Classification of human movements in outdoor envirioments using deep learning
2018
0 görüntülenme
0 i̇ndirme
Danışman: Dr. Öğr. Üyesi Özal Yıldırım
Özet (EN)
In this thesis, deep learning approaches are proposed for automatic classification of actions of people in outdoor envirioments. Firstly, the identification of the persons in the obtained image is provided. For this purpose, YOLO, a pre-trained deep object detection tool widely used in the literature, is used. The Google Street View system is used to obtain the outdoor images. Movement classes were then created for the people detected. These movement classes; walking to the right, walking to the left, standing and sitting. Thus, a comprehensive data set has been created for people identified from outdoor images. A convolutional neural network (CNN) model is designed for the automatic recognition of classes of identified data. With this CNN model, automatic recognition of the movements of the person is provided.
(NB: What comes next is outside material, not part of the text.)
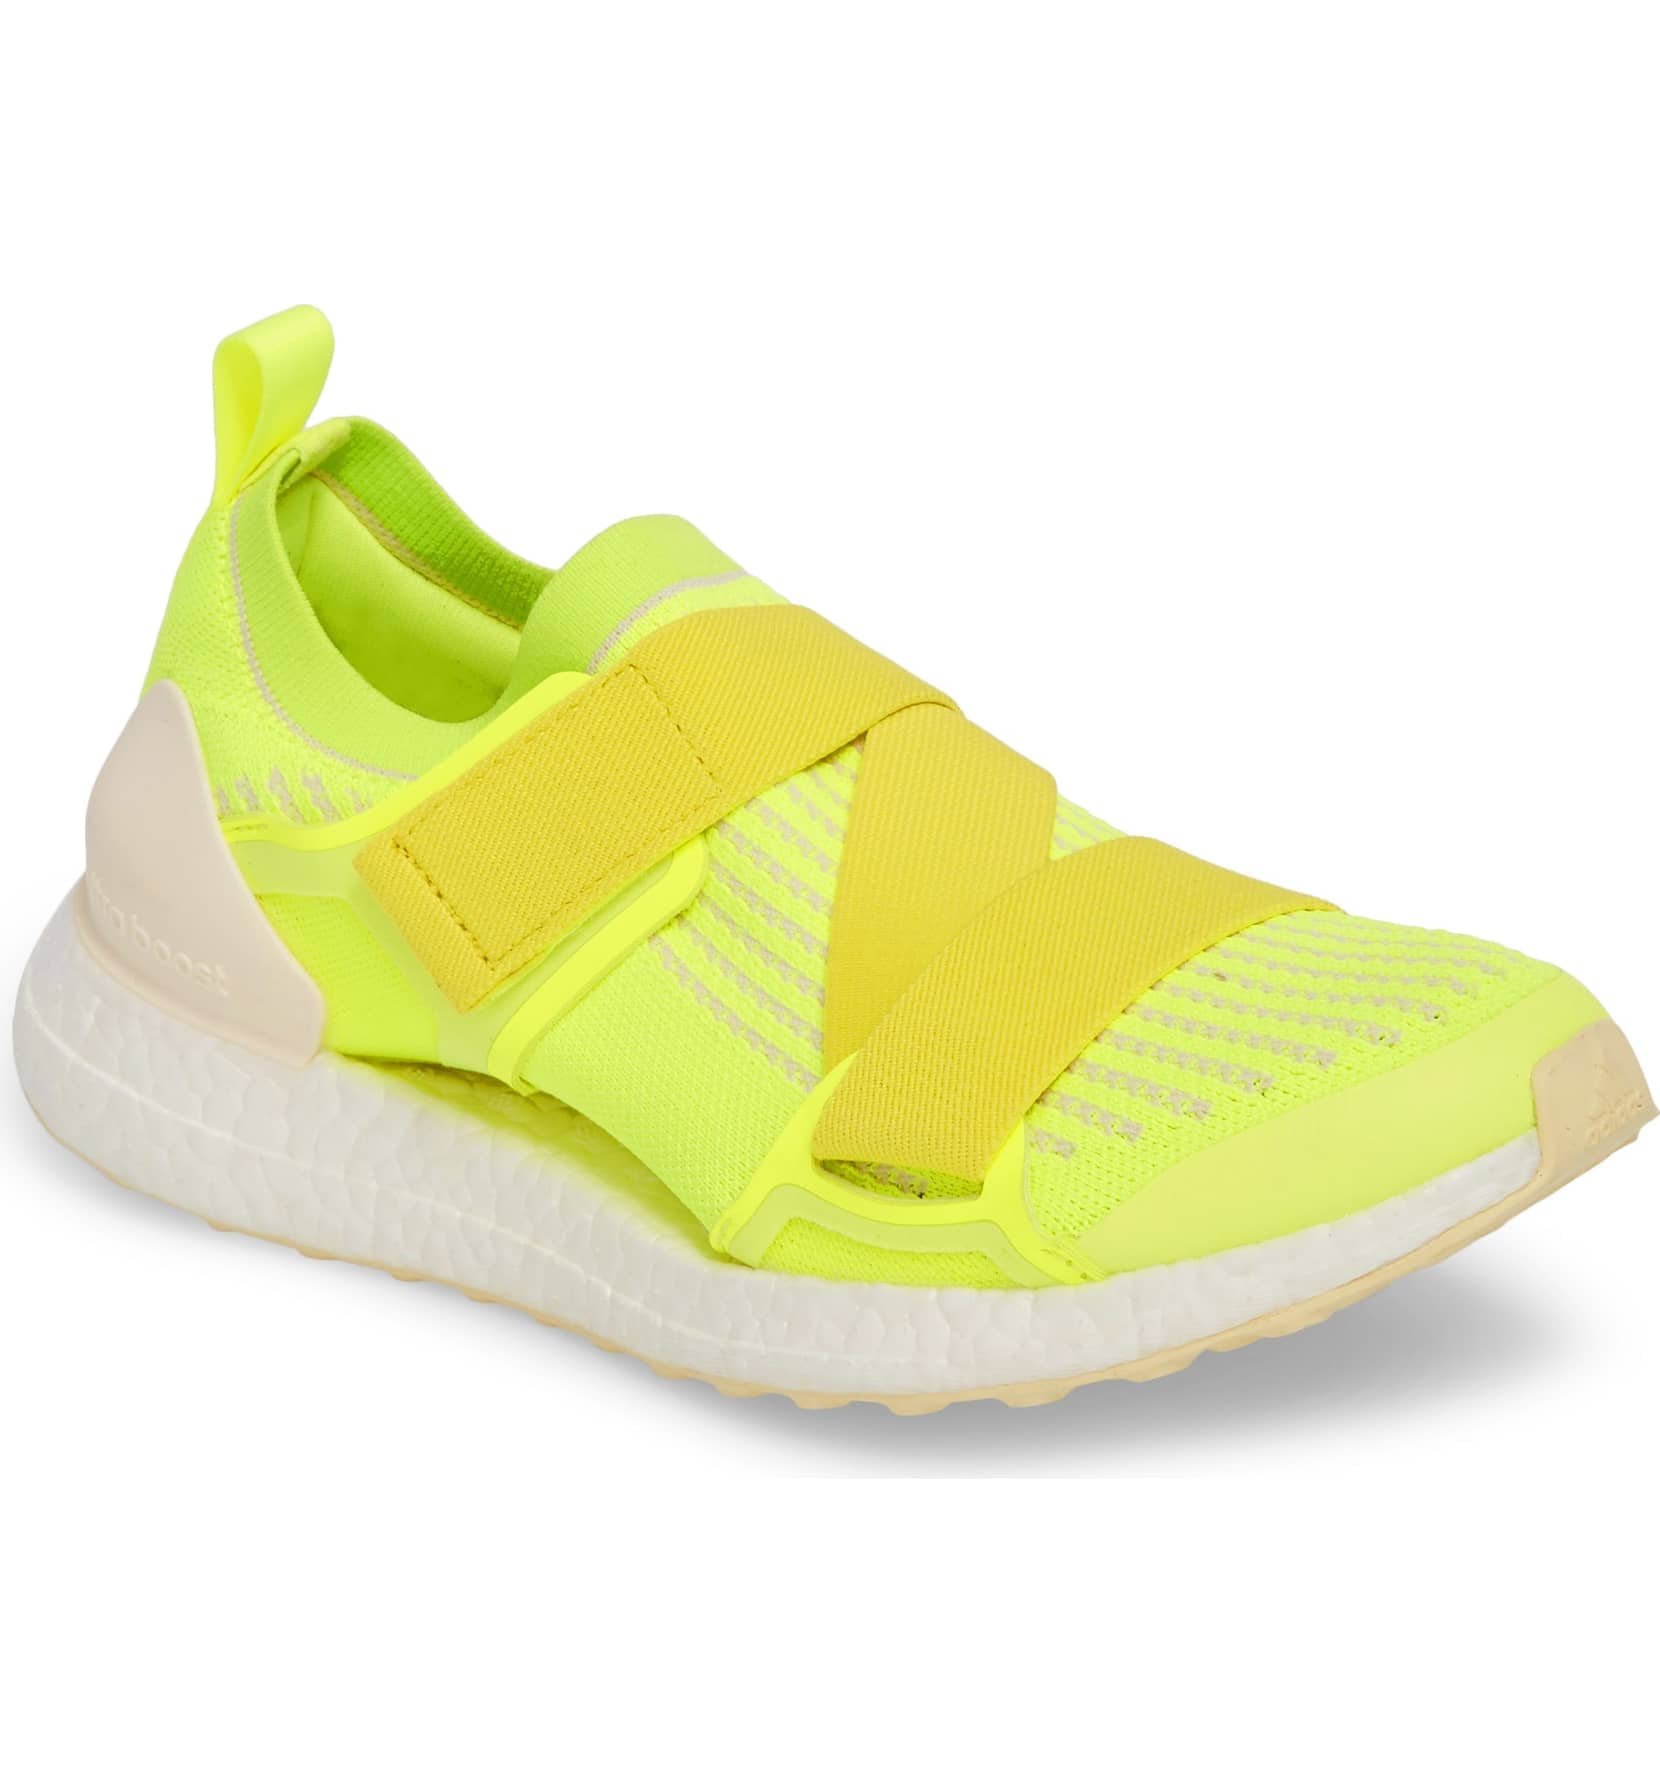 Adidas UltraBoost X Running Shoe

This trained classifier is used in combination with the YOLO object detection system to ensure that the movement of the persons in the input image is automatically recognized. Within the scope of the thesis, three and four class data sets were created on the database and performance evaluations of the proposed system were made. As a result of the thesis work, a recognition system for the movements of people in the image obtained from the outside is presented. This provides an efficient recognition system that can be used in applications that interact with people in external environments such as autonomous vehicles and robotics.